* **Aim of the task**: Leaving out the images, reproduce every line of the data that follows exactly.

* **Recorded data**:
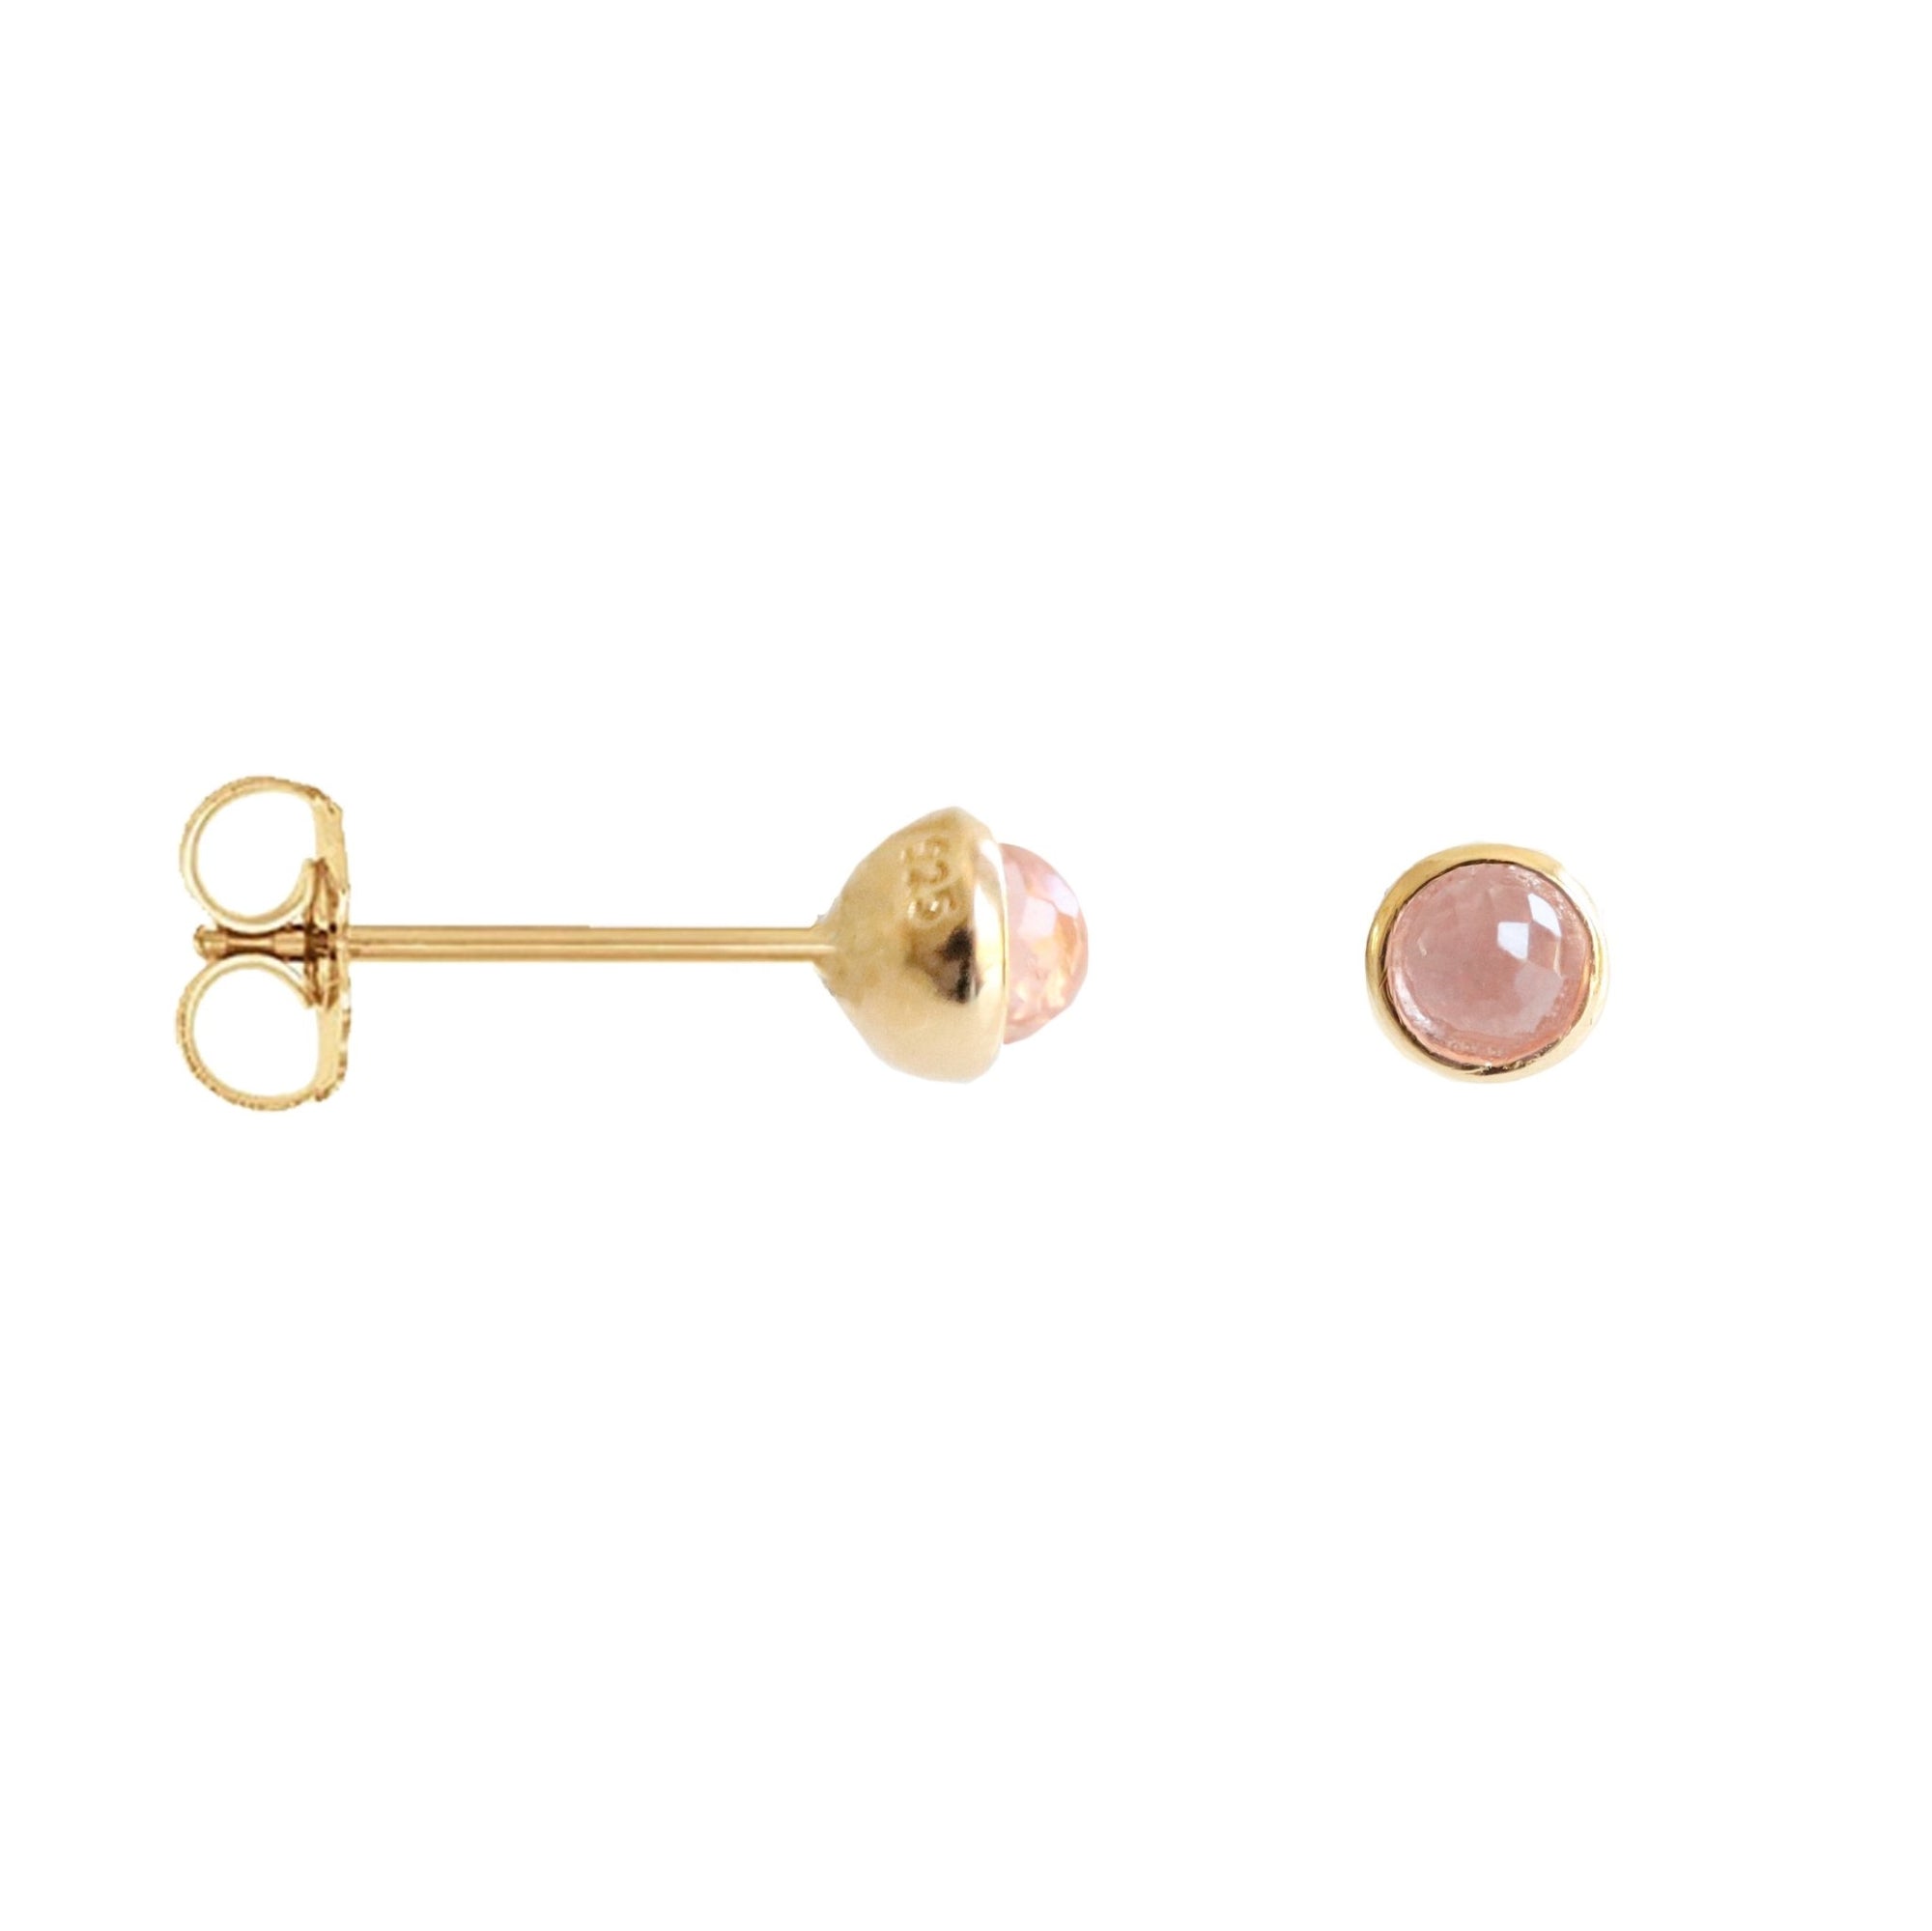 TINY PROTECT STUD EARRINGS - PINK QUARTZ & GOLD - SO PRETTY CARA COTTER
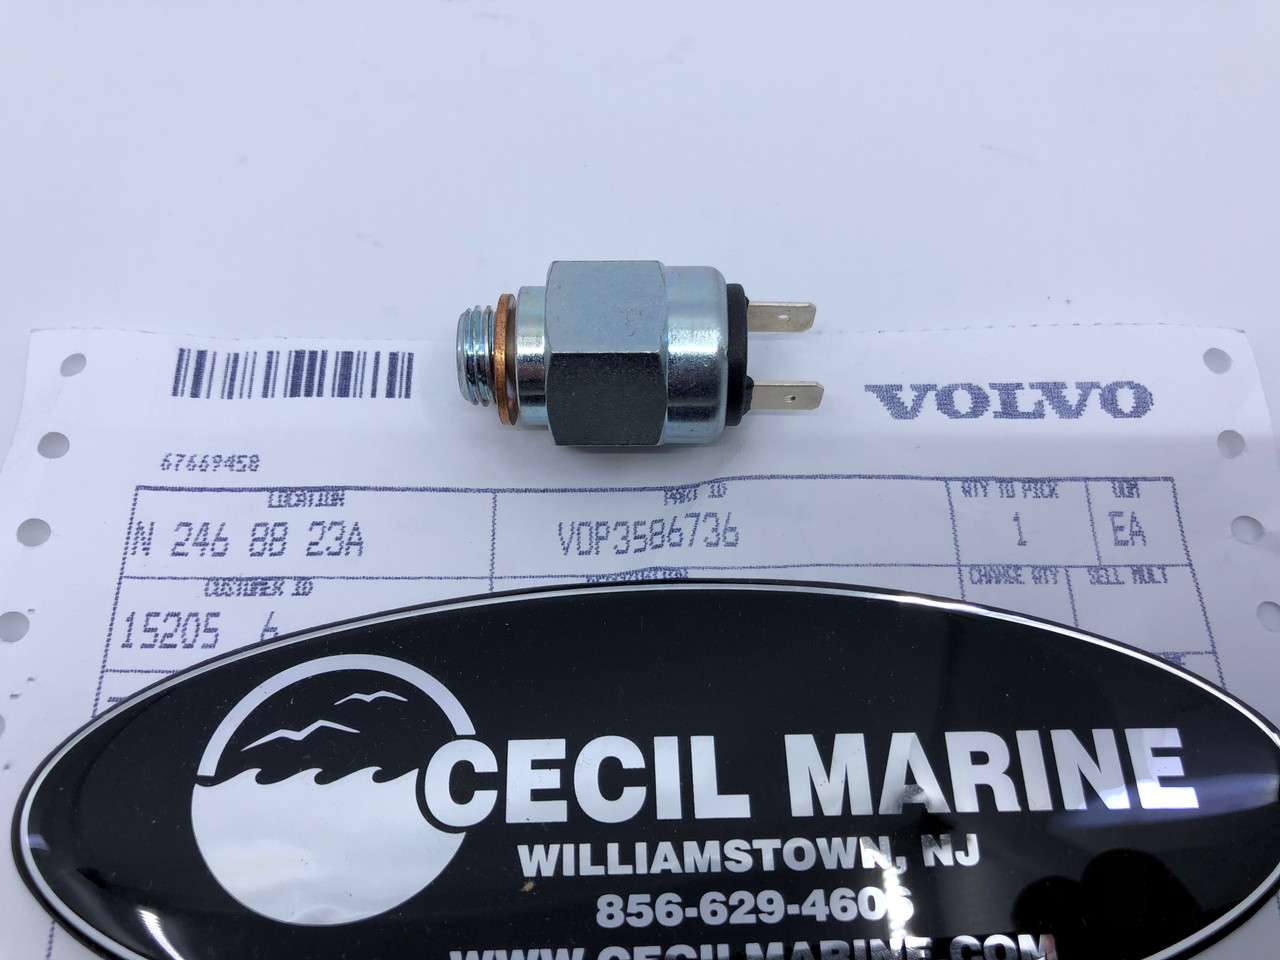 $99.99* GENUINE VOLVO no tax* GENUINE VOLVO PRESSURE SWITCH 3586736  *Special Order 10 To 14 Days For Delivery
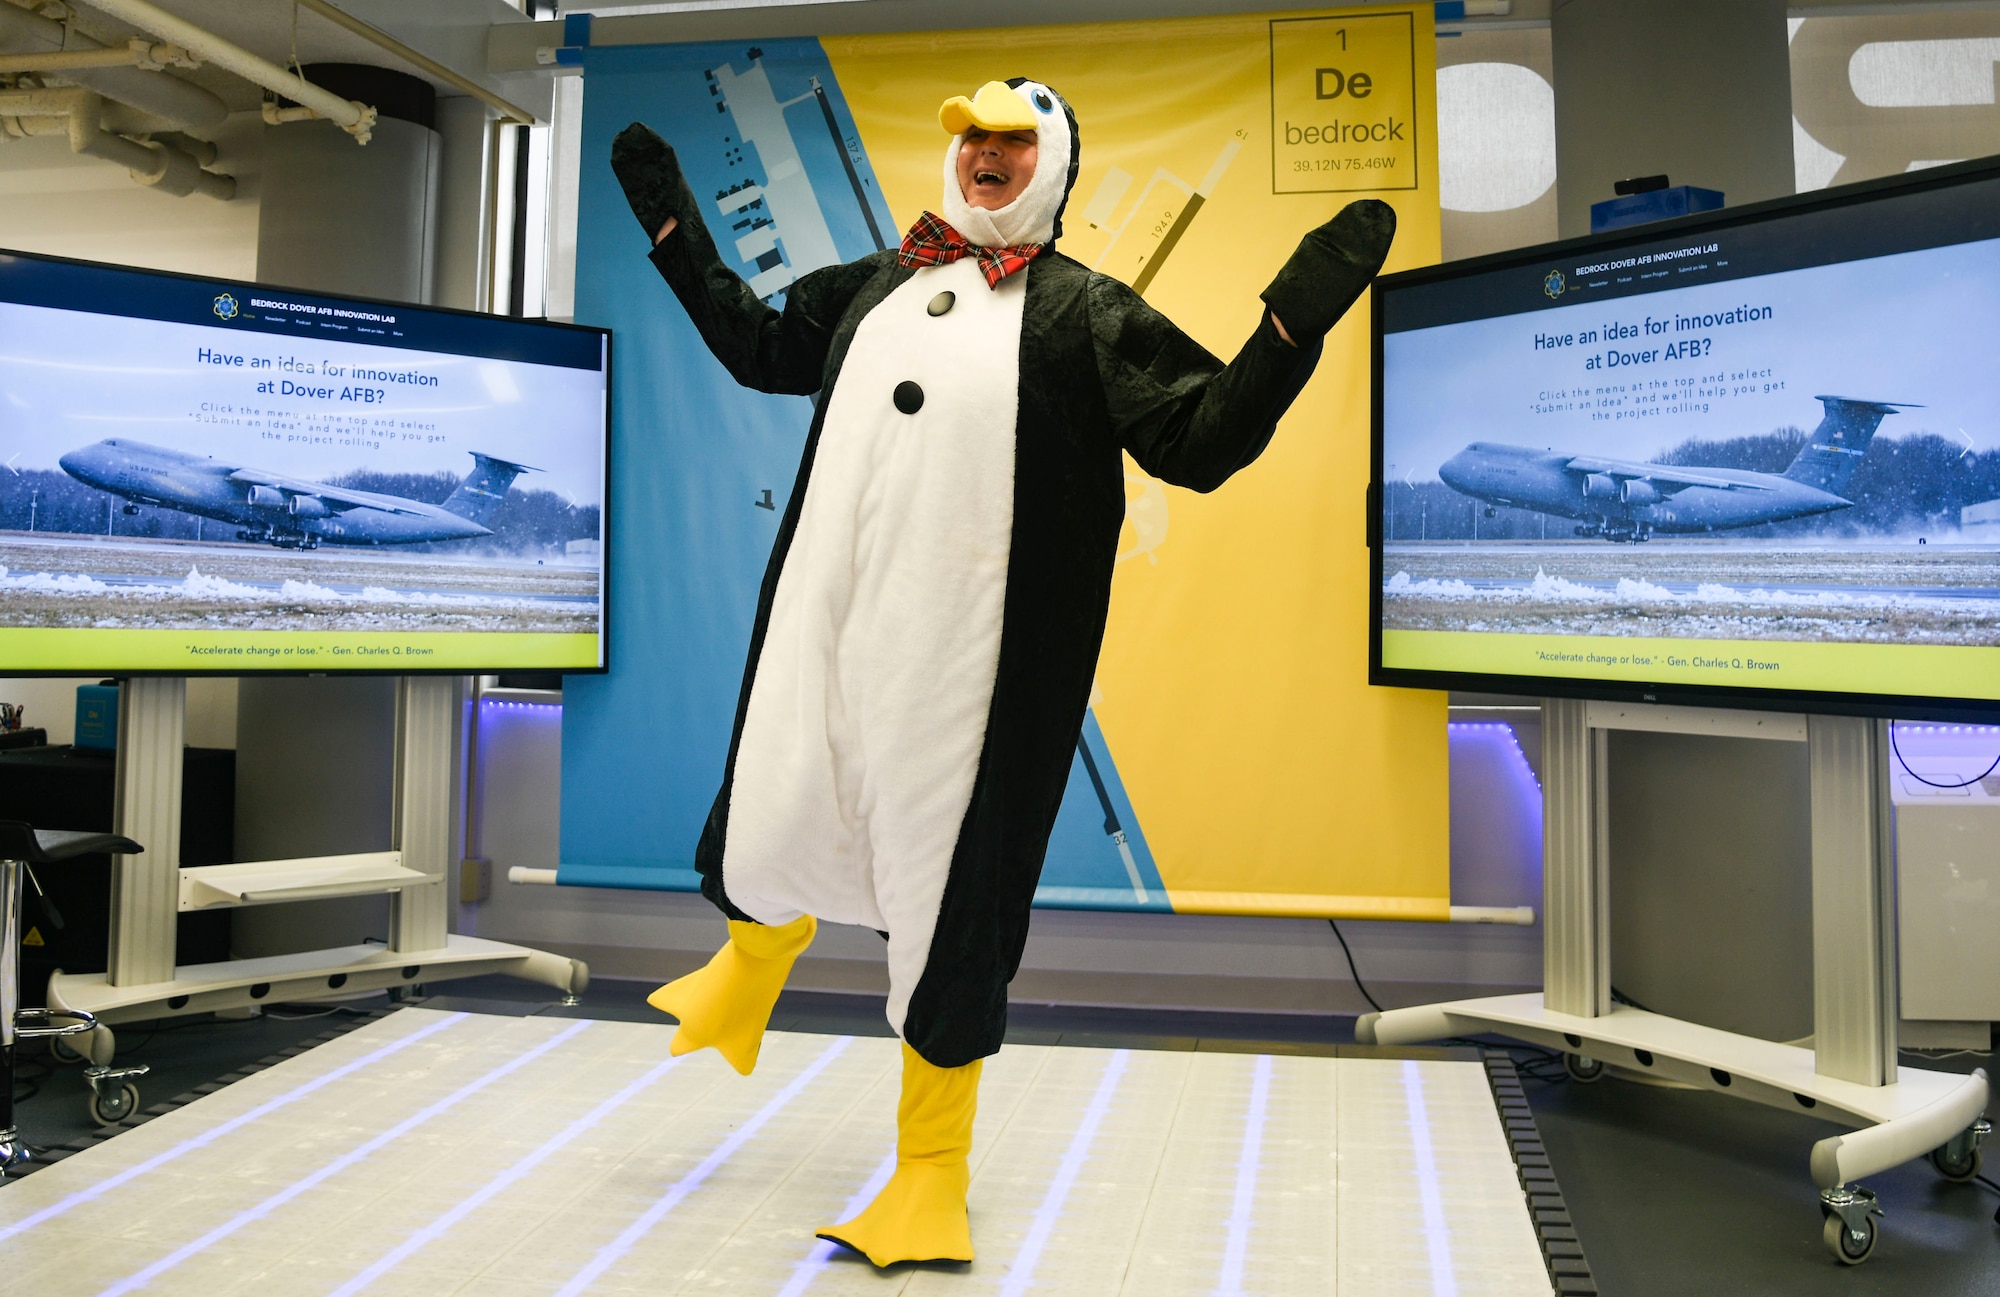 Maj. Nicholas Martini, 436th Airlift Wing chief innovation officer, makes his snowfall prediction in a penguin costume at the Bedrock Innovation Lab on Dover Air Force Base, Delaware, Oct. 31, 2022. Martini, a native of Cleveland, Ohio, predicted Dover AFB's first snowfall of a quarter-inch or greater will occur Dec. 29, 2022. (U.S. Air Force photo by Senior Airman Joshua LeRoi)
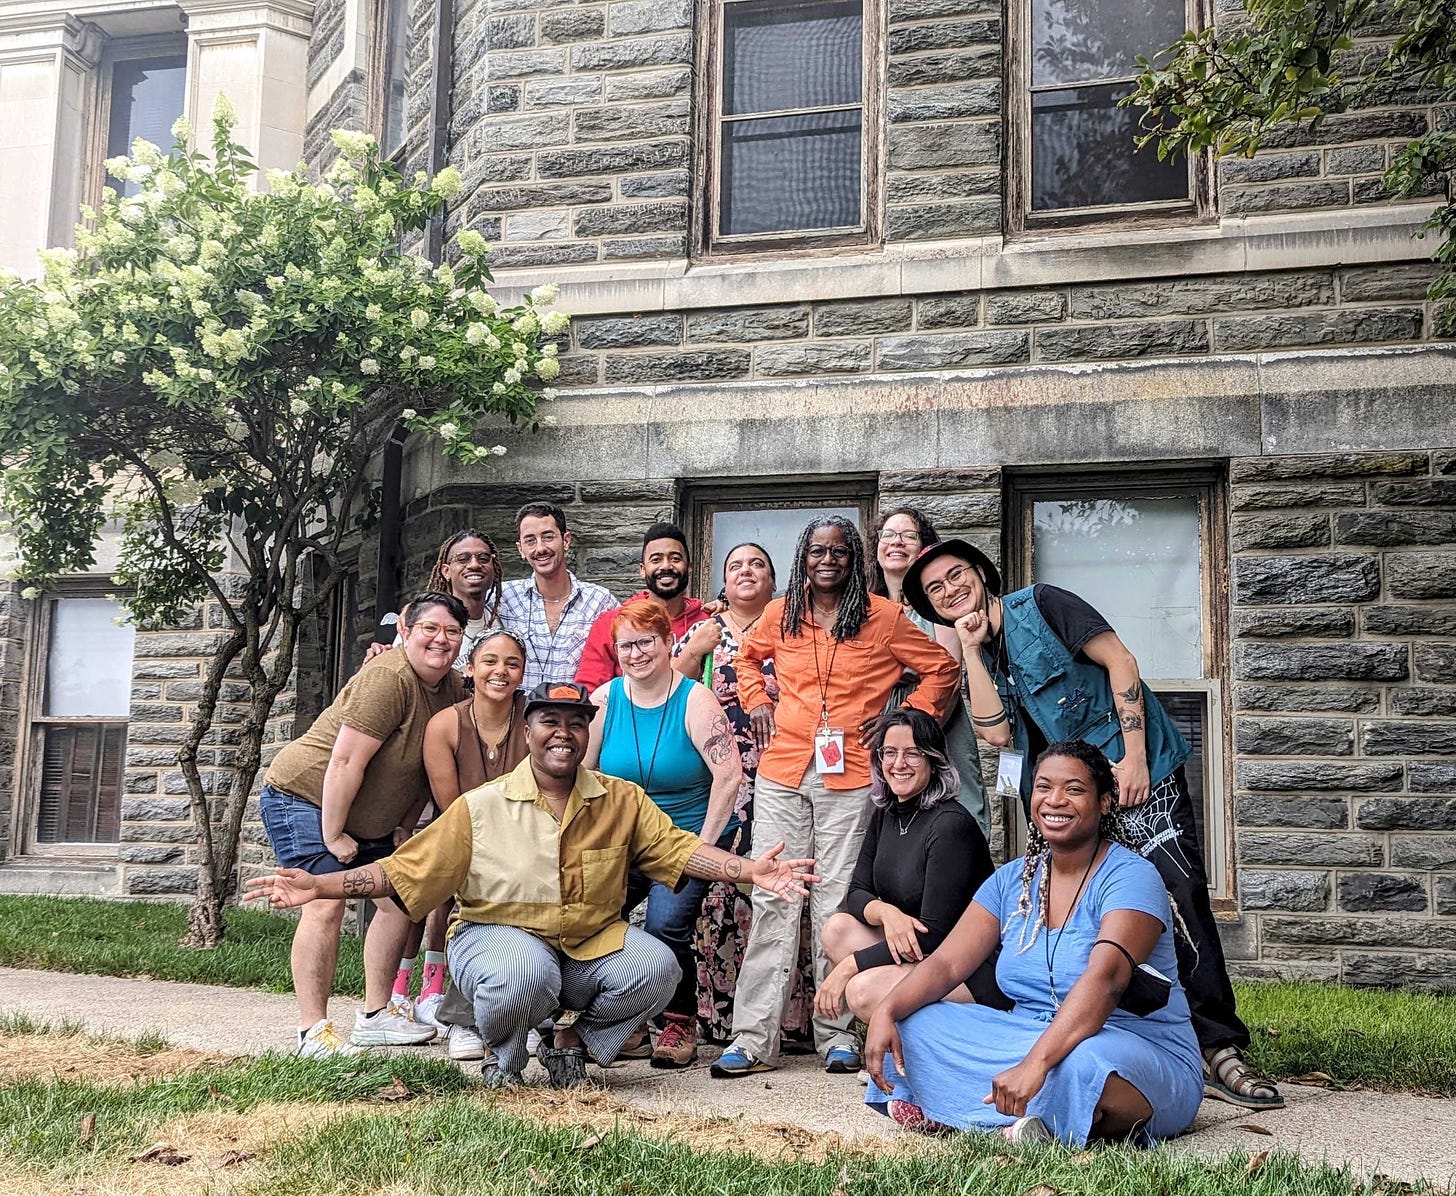 The YA Fiction cohort, a diverse group of queer writers smiling and posing in front of a grey brick building

* **Output**:
 TINY PROTECT STUD EARRINGS - PINK QUARTZ & GOLD - SO PRETTY CARA COTTER
 $99.99* GENUINE VOLVO no tax* GENUINE VOLVO PRESSURE SWITCH 3586736  *Special Order 10 To 14 Days For Delivery
 Maj. Nicholas Martini, 436th Airlift Wing chief innovation officer, makes his snowfall prediction in a penguin costume at the Bedrock Innovation Lab on Dover Air Force Base, Delaware, Oct. 31, 2022. Martini, a native of Cleveland, Ohio, predicted Dover AFB's first snowfall of a quarter-inch or greater will occur Dec. 29, 2022. (U.S. Air Force photo by Senior Airman Joshua LeRoi)
 The YA Fiction cohort, a diverse group of queer writers smiling and posing in front of a grey brick building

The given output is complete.